## [EXERCISE GOAL]
What are the lines below, starting at the line containing "Orchidaceae Poaceae" and ending at the line containing "Momax 1-Link Flow"? Write them out exactly, ends included, without pictures.

## [RECORD EXTRACTS]
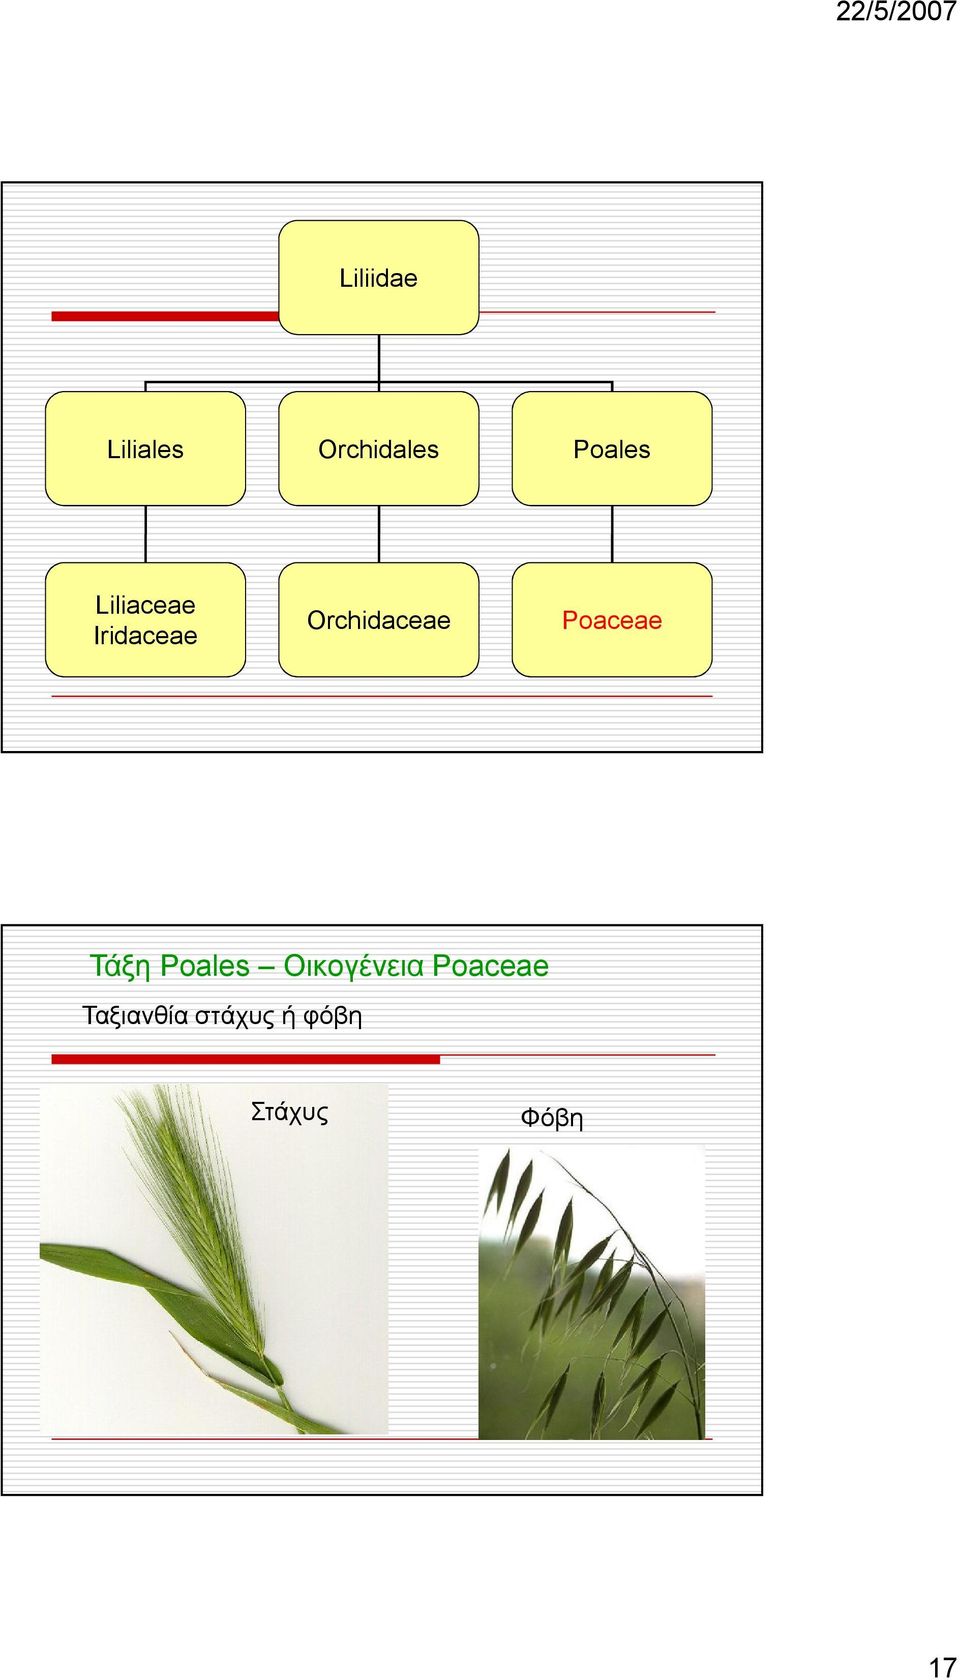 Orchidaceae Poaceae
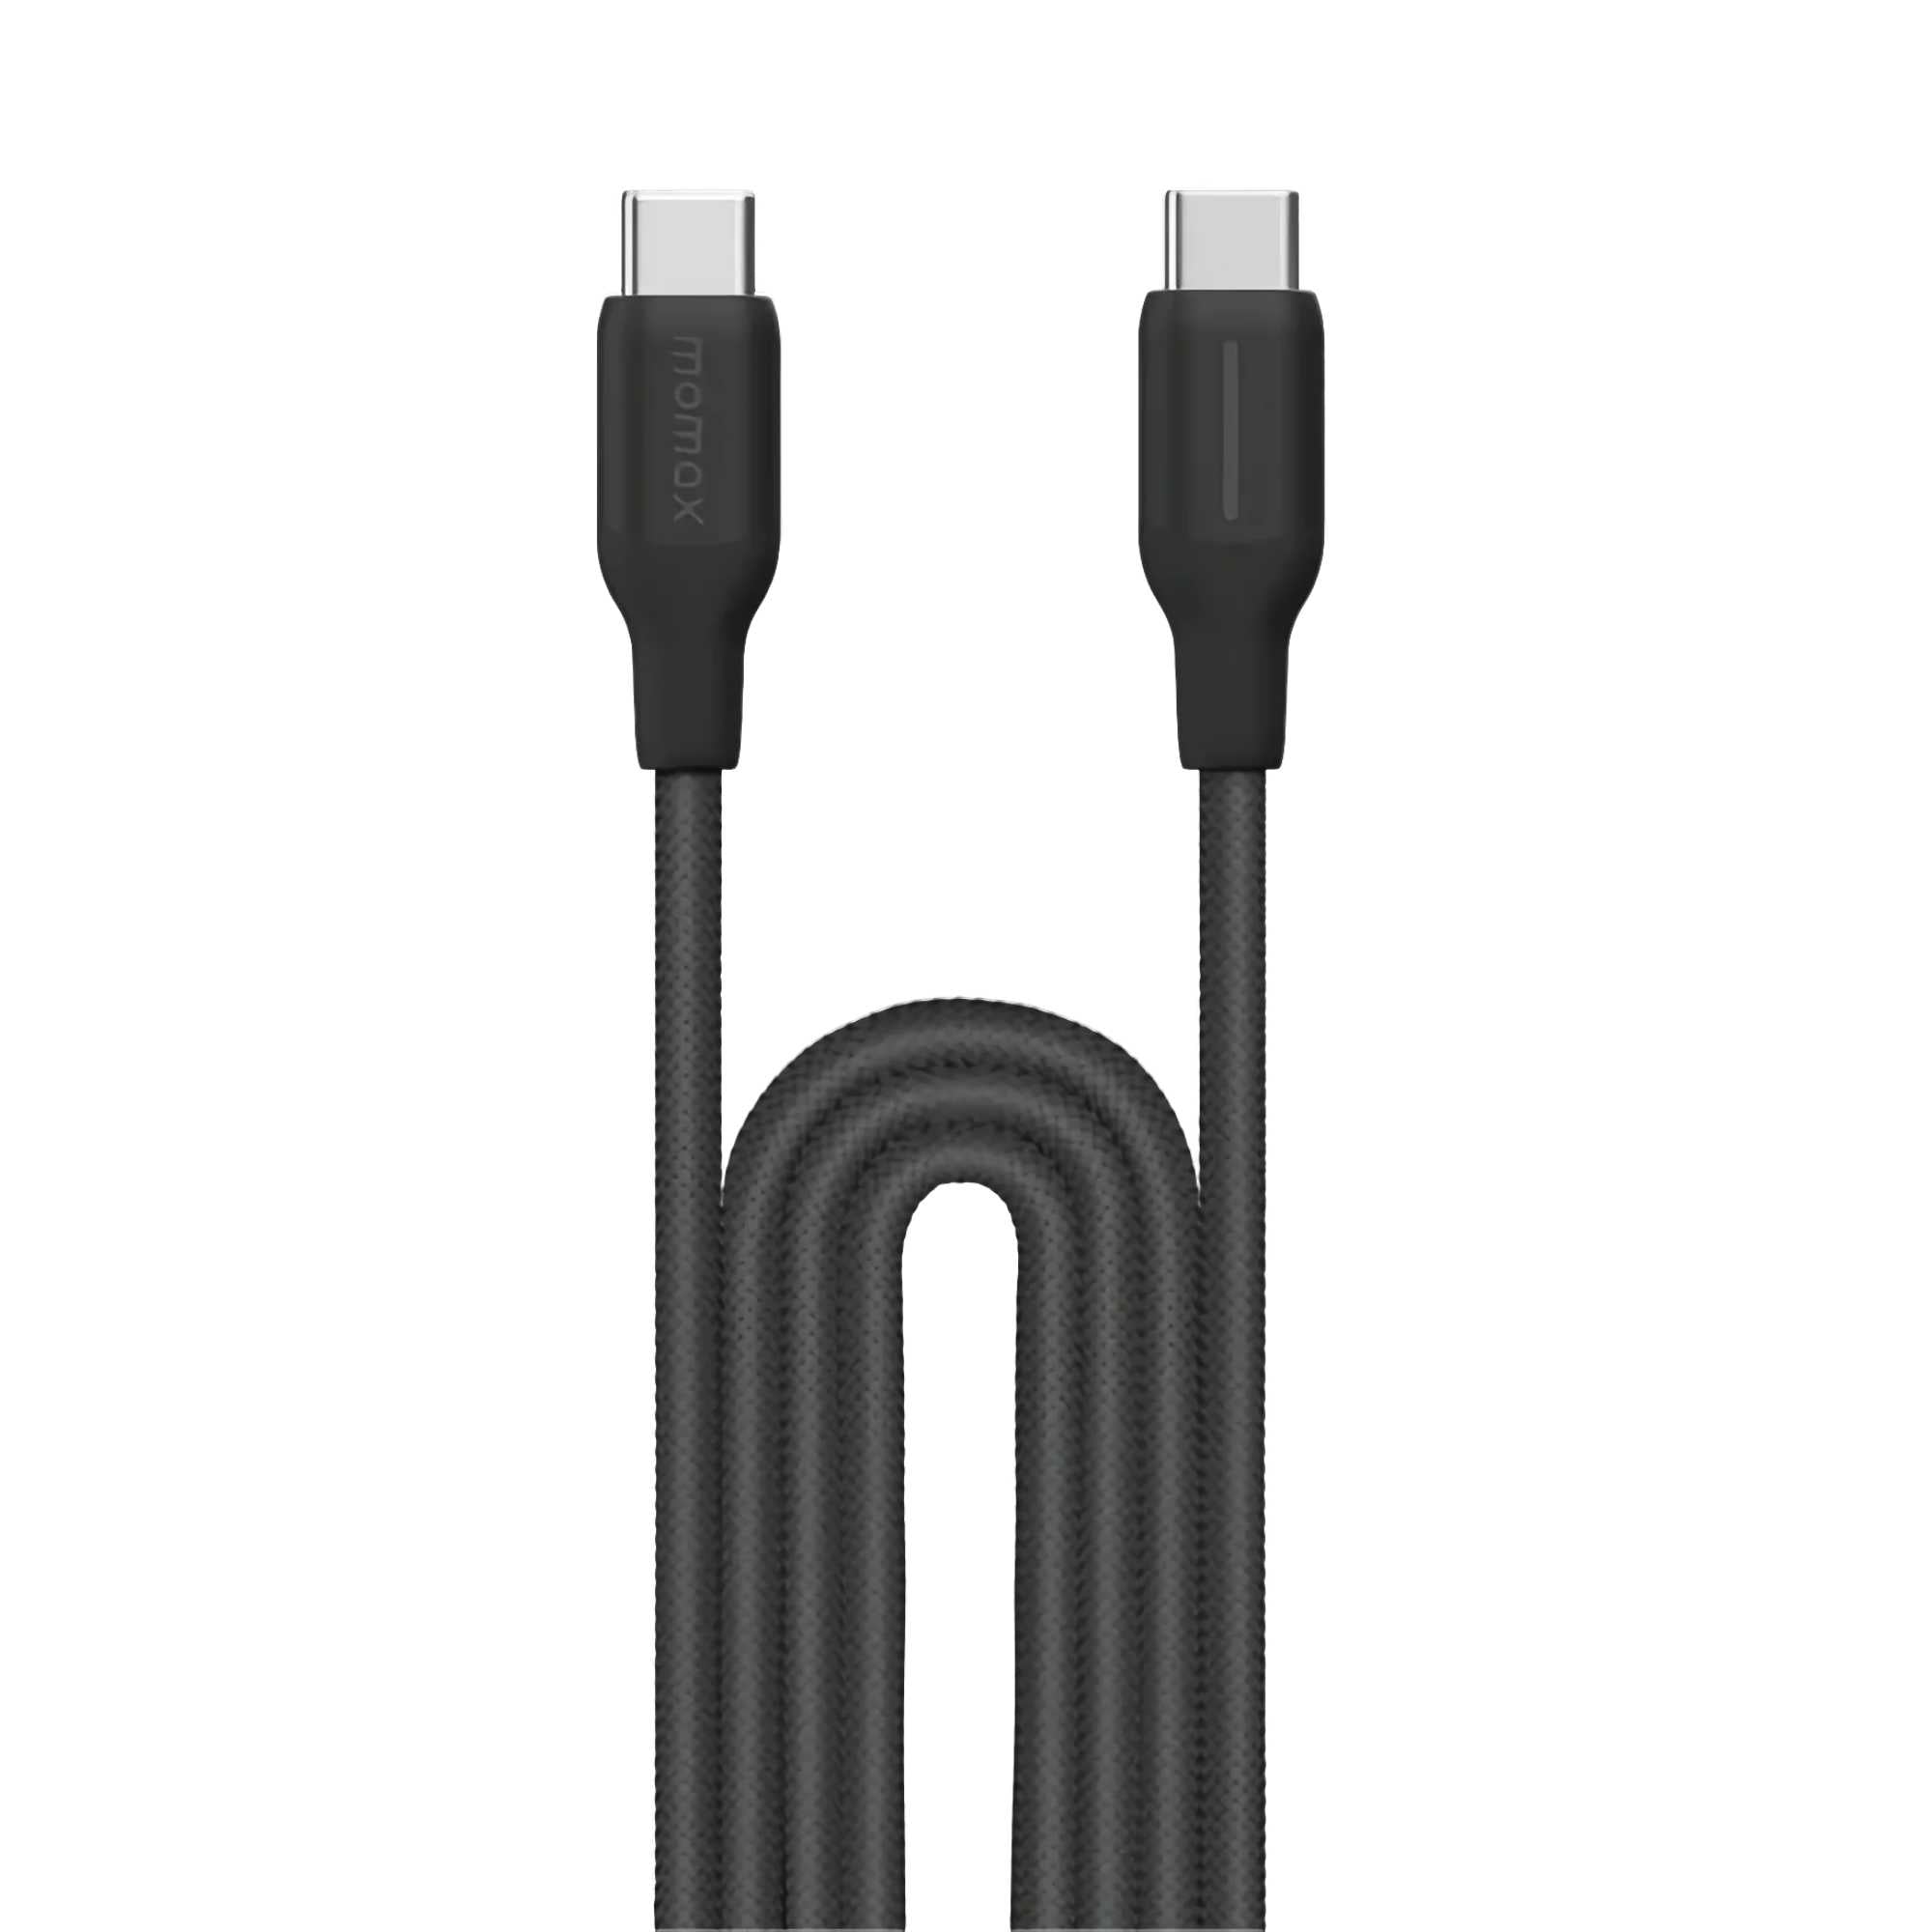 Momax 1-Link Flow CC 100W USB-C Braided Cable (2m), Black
--
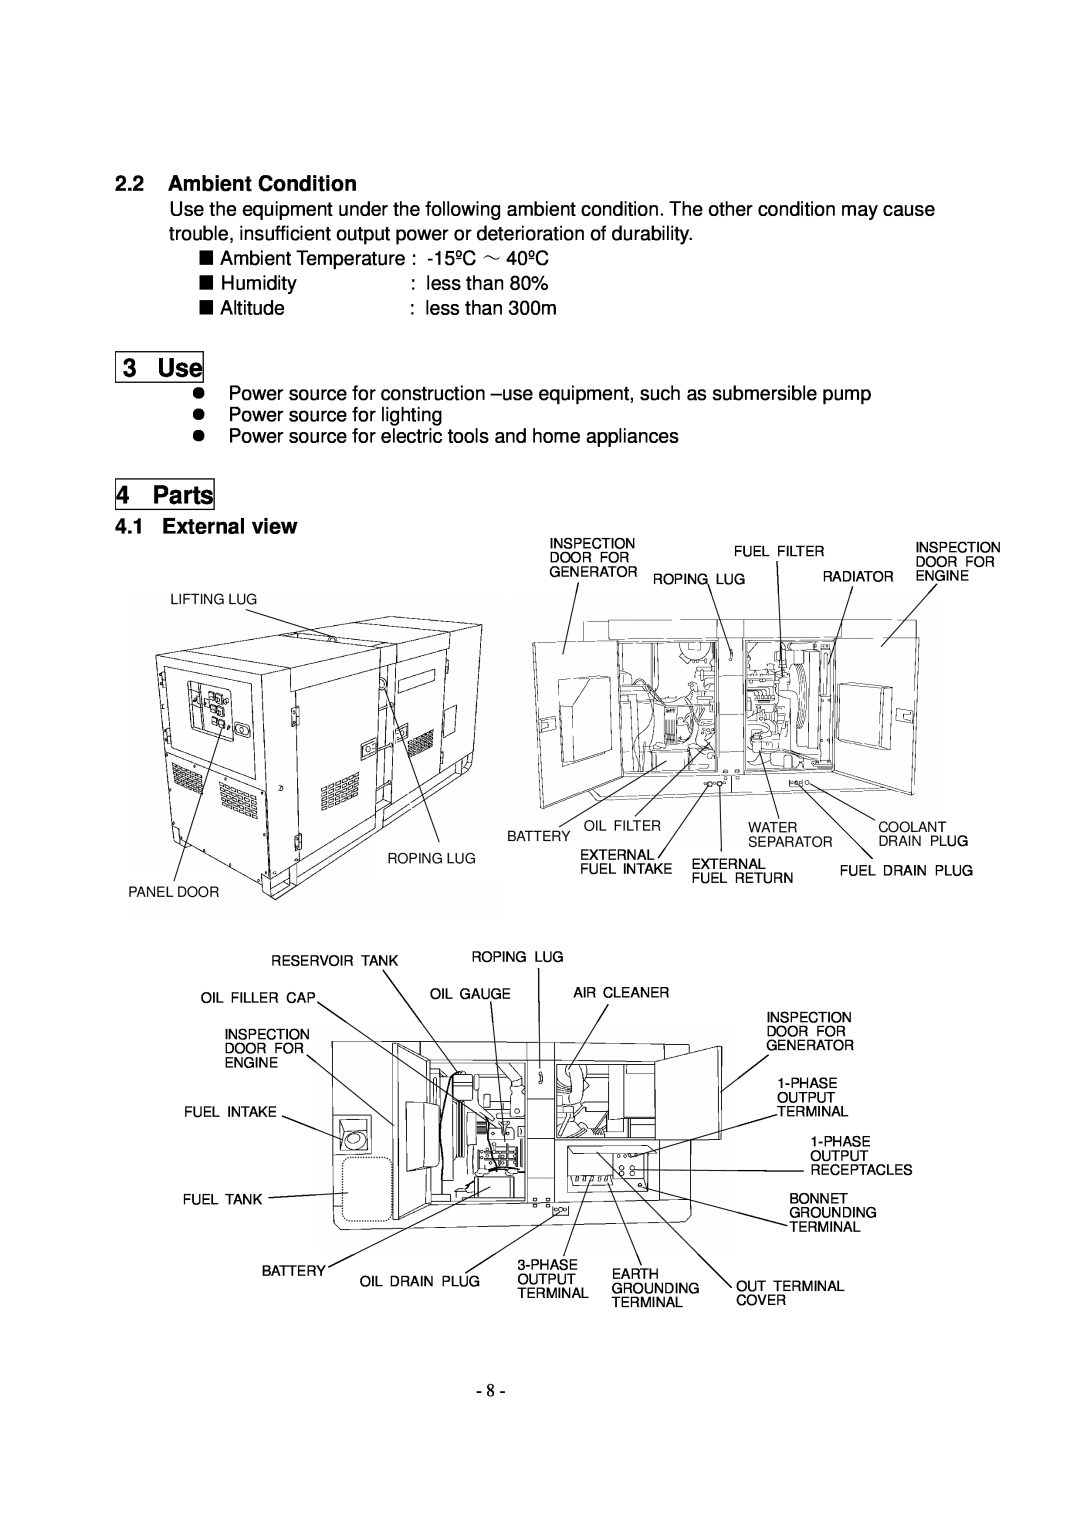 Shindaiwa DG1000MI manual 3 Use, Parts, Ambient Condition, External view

## [THE COMPLETED TASK]
 Orchidaceae Poaceae
 Momax 1-Link Flow CC 100W USB-C Braided Cable (2m), Black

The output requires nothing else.